Resolves a CRL for the target certificate using the configured resolver callback and applies revocation processing according to the supplied revocation policy options.

Parameters

certificate	[const][struct] The certificate whose revocation status is being checked.
issuer	[const][struct] The issuer certificate for the target certificate.
options	[const][struct] The revocation policy and callback options.
validationtime	[const][struct] The time used to evaluate CRL validity.

Returns

[enum] Returns a qsc_x509_revocation_status code.

qsc_x509_certificate_check_revocation_with_crl()

QSC_EXPORT_API qsc_x509_revocation_status qsc_x509_certificate_check_revocation_with_crl	(	const qsc_x509_certificate *	certificate,
		const qsc_x509_certificate *	issuer,
		const qsc_x509_crl *	crl,
		qsc_x509_crl_signature_verify_callback	verifycallback,
		void *	verifycontext,
		const qsc_x509_time *	validationtime )

Check certificate revocation status using a supplied CRL.

Evaluates the target certificate against the supplied CRL, verifies the CRL against the issuer certificate using the caller-supplied verification callback, and returns a normalized revocation status result.

Parameters

certificate	[const][struct] The certificate whose revocation status is being checked.
issuer	[const][struct] The issuer certificate for the target certificate.
crl	[const][struct] The CRL to use for revocation checking.
verifycallback	The callback used to verify the CRL signature.
verifycontext	Caller-defined opaque context passed to the verification callback.
validationtime	[const][struct] The time used to evaluate CRL validity.

Returns

[enum] Returns a qsc_x509_revocation_status code.

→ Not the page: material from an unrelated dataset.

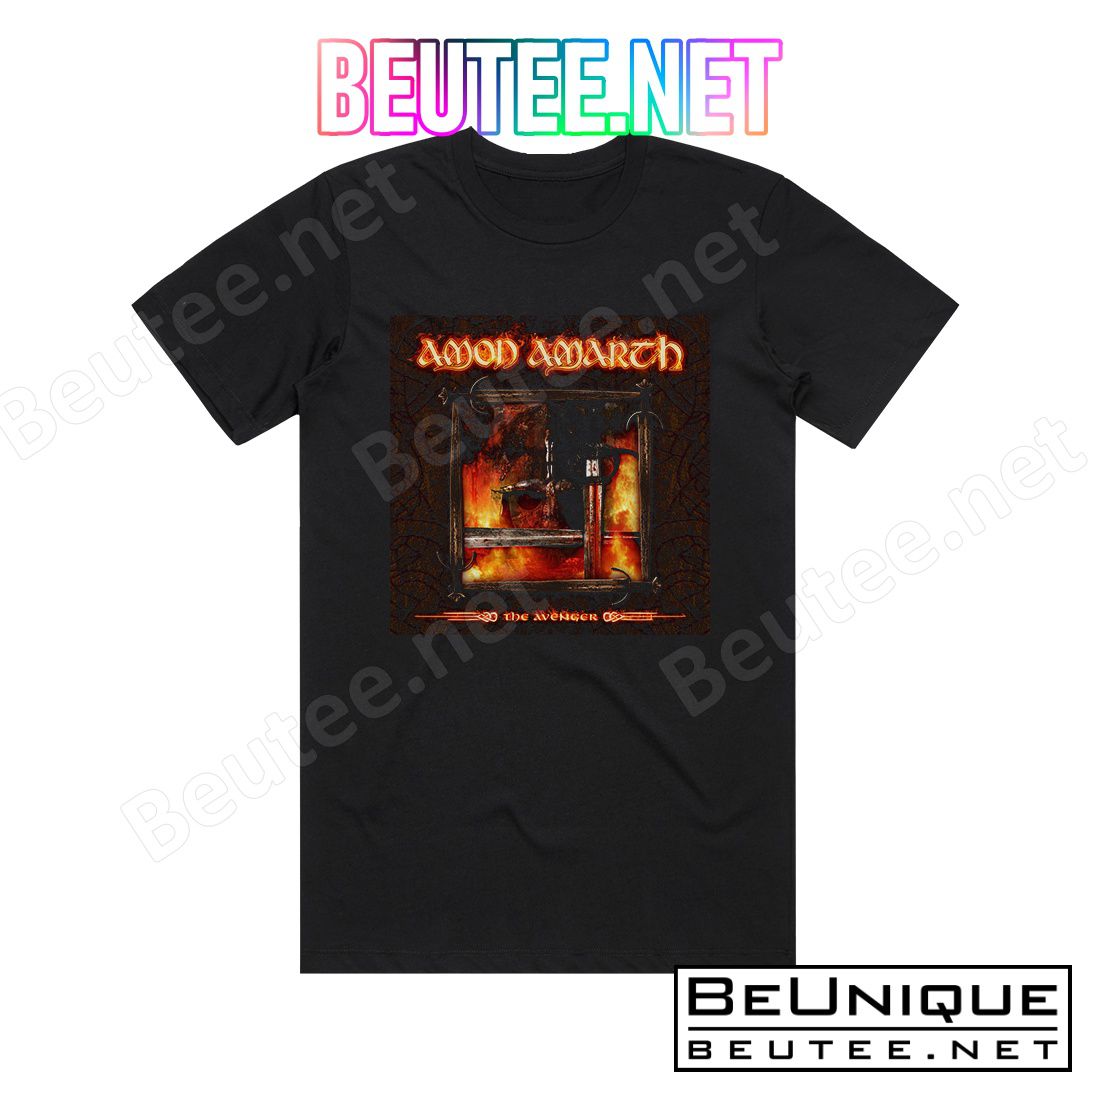 Amon Amarth The Avenger 1 Album Cover T-Shirt

qsc_x509_revocation_options_initialize()

QSC_EXPORT_API void qsc_x509_revocation_options_initialize

(

qsc_x509_revocation_options *

options

)

Initialize a revocation options structure.

Resets the revocation options object to a clean default state suitable for later policy and callback configuration.

Parameters

options

[struct] The revocation options structure to initialize.

Returns

[void] This function does not return a value.